Pfizer put trials on hold in June, responding to concerns that tanezumab may accelerate osteoarthritis. After being taken off the drug, a number of patients experienced dramatically worse pain than before. Sixteen of them required total joint replacement surgery. Another side effect was paresthesia – a pins and needles sensation.

One alternate explanation is that the drug works too well. Freedom from pain may have made the patients more active than normal, causing extra wear on the joint. Lane’s study may provide clues as to how this happened.

“The study by Lane et al. suggests that a complete quenching of pain in patients with osteoarthritis may not necessarily be a good thing,” wrote John Wood, a biomedical researcher from the University of London, in an editorial published alongside the study.

“The most problematic issue – which has emerged during the Phase 3 study and has resulted in the FDA putting the Phase 3 study and two other studies of tanezumab on hold – has been joint failure, which was most likely caused by excessive wear and tear in the absence of joint pain.”

The problems with tanezumab have recently become a hot topic online.
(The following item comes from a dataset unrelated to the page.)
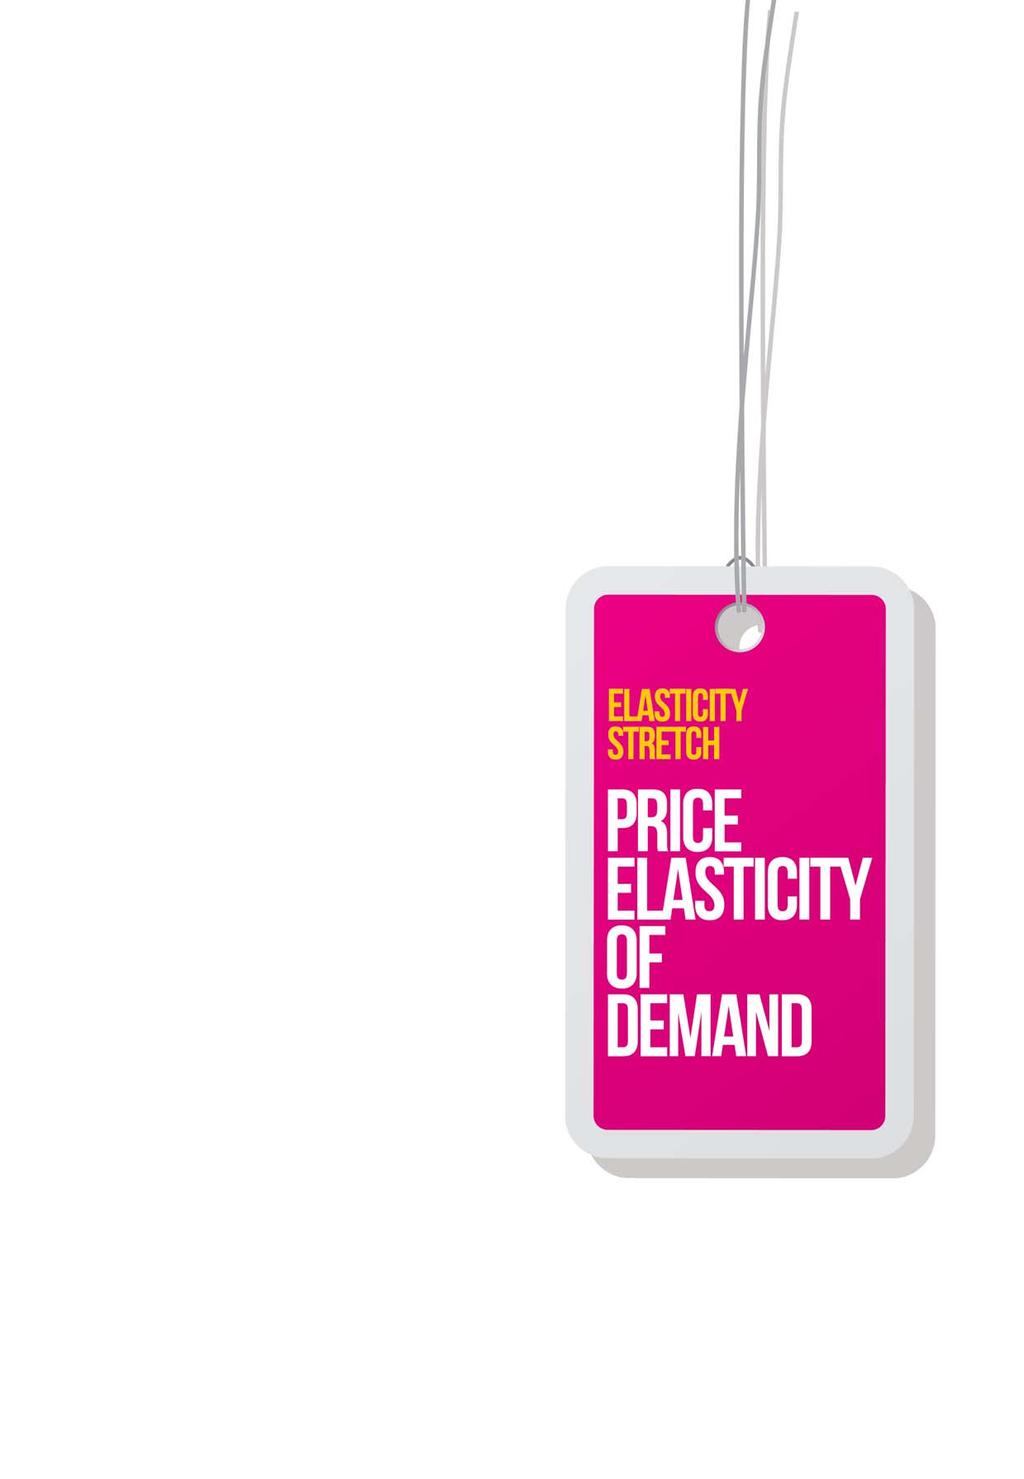 Price Elasticity of Demand Resources for Courses Teacher Instructions This resource is intended for use after students have been introduced to the concept of elasticity of demand.
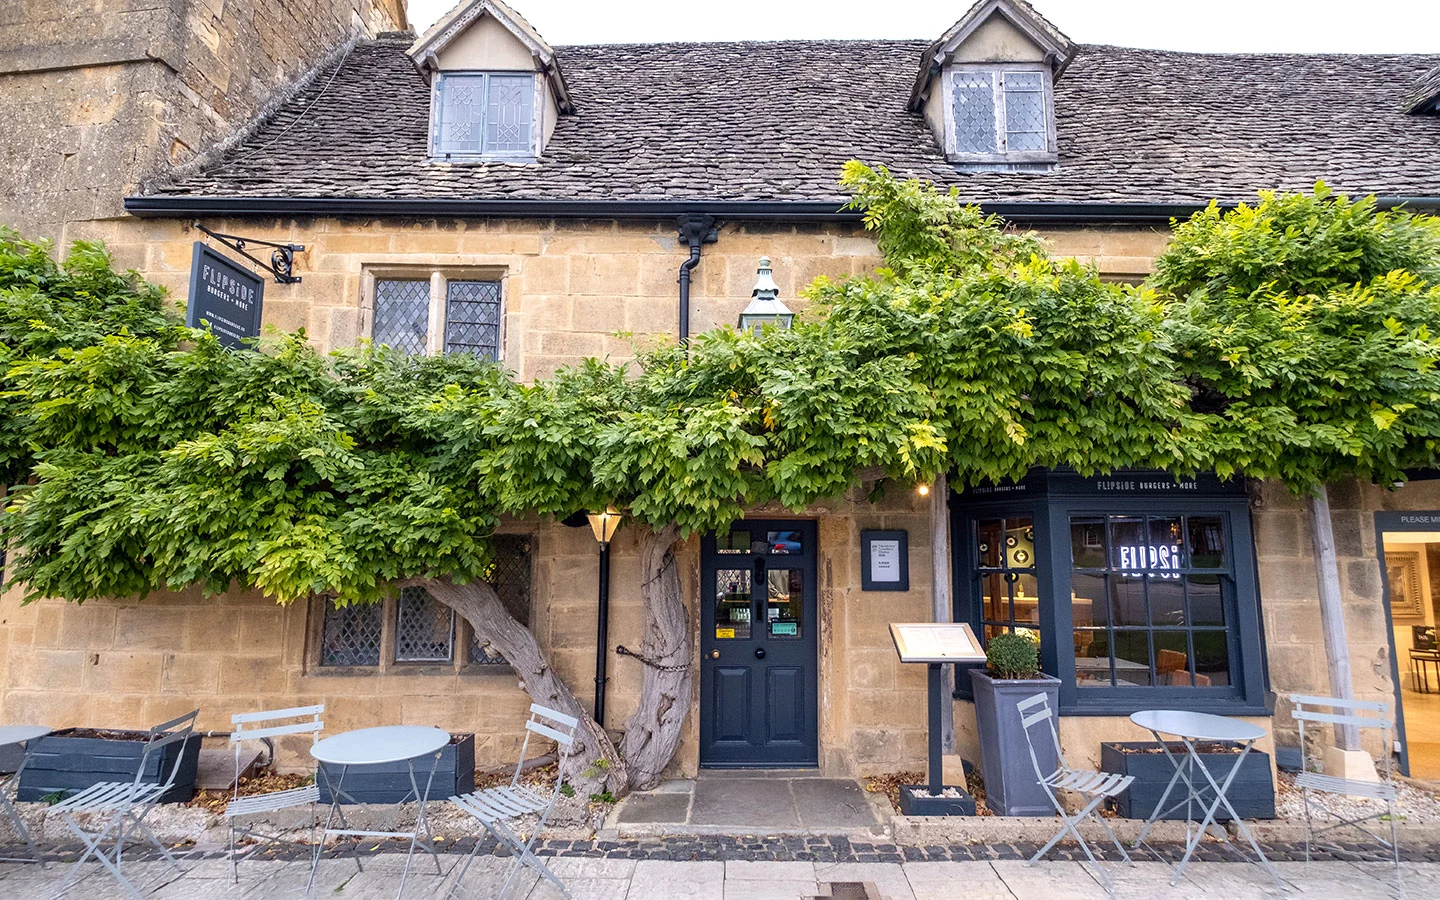 Restaurant on Broadway's High Street in the Cotswolds

“I was in the study,” a user named Jacquie commented on an About.com article. “I briefly improved, but [was no more active than usual], and now I am waiting for a joint replacement at age 52. This is ridiculous – tanezumab did not work ‘too well.’ I had some nasty paresthesia, swelling in both of my legs and now cannot walk a city block without severe difficulty.”

Tanezumab is an antibody that prevents pain by attacking nerve growth factor (NGF), a protein that plays a crucial role in pain signaling. NGF is a protein that binds with nerve cells, sending pain signals to the brain.

NGF is sent out from hormone-manufacturing “target tissues,” so named because they’re targeted and switched on by certain hormones. Normally, once it’s released from the target-tissue factory into the bloodstream, NGF diffuses out of the blood, travels through the fluid between body cells and finally lands on nerve cells, where it helps detect and send pain signals. As more NGF is released, a person feels more pain.

But with tanezumab in the patient’s bloodstream, the NGF never makes it to the neurons. Tanezumab has two binding sites on the ends of its Y-shaped branches that are specially configured to catch NGF and keep it locked away.

With NGF largely disabled by the new drug, patients in the study reported significant relief: 45 to 62 percent less pain while walking, with the optimal 10 mg dose. For comparison, the placebo group reported a 22 percent improvement by the end of the 16-week trial.

But, says Lane, more research is clearly needed before trials can progress further.

The study from Nancy Lane’s group was funded by Rinat Neuroscience Corporation, a subsidiary of Pfizer.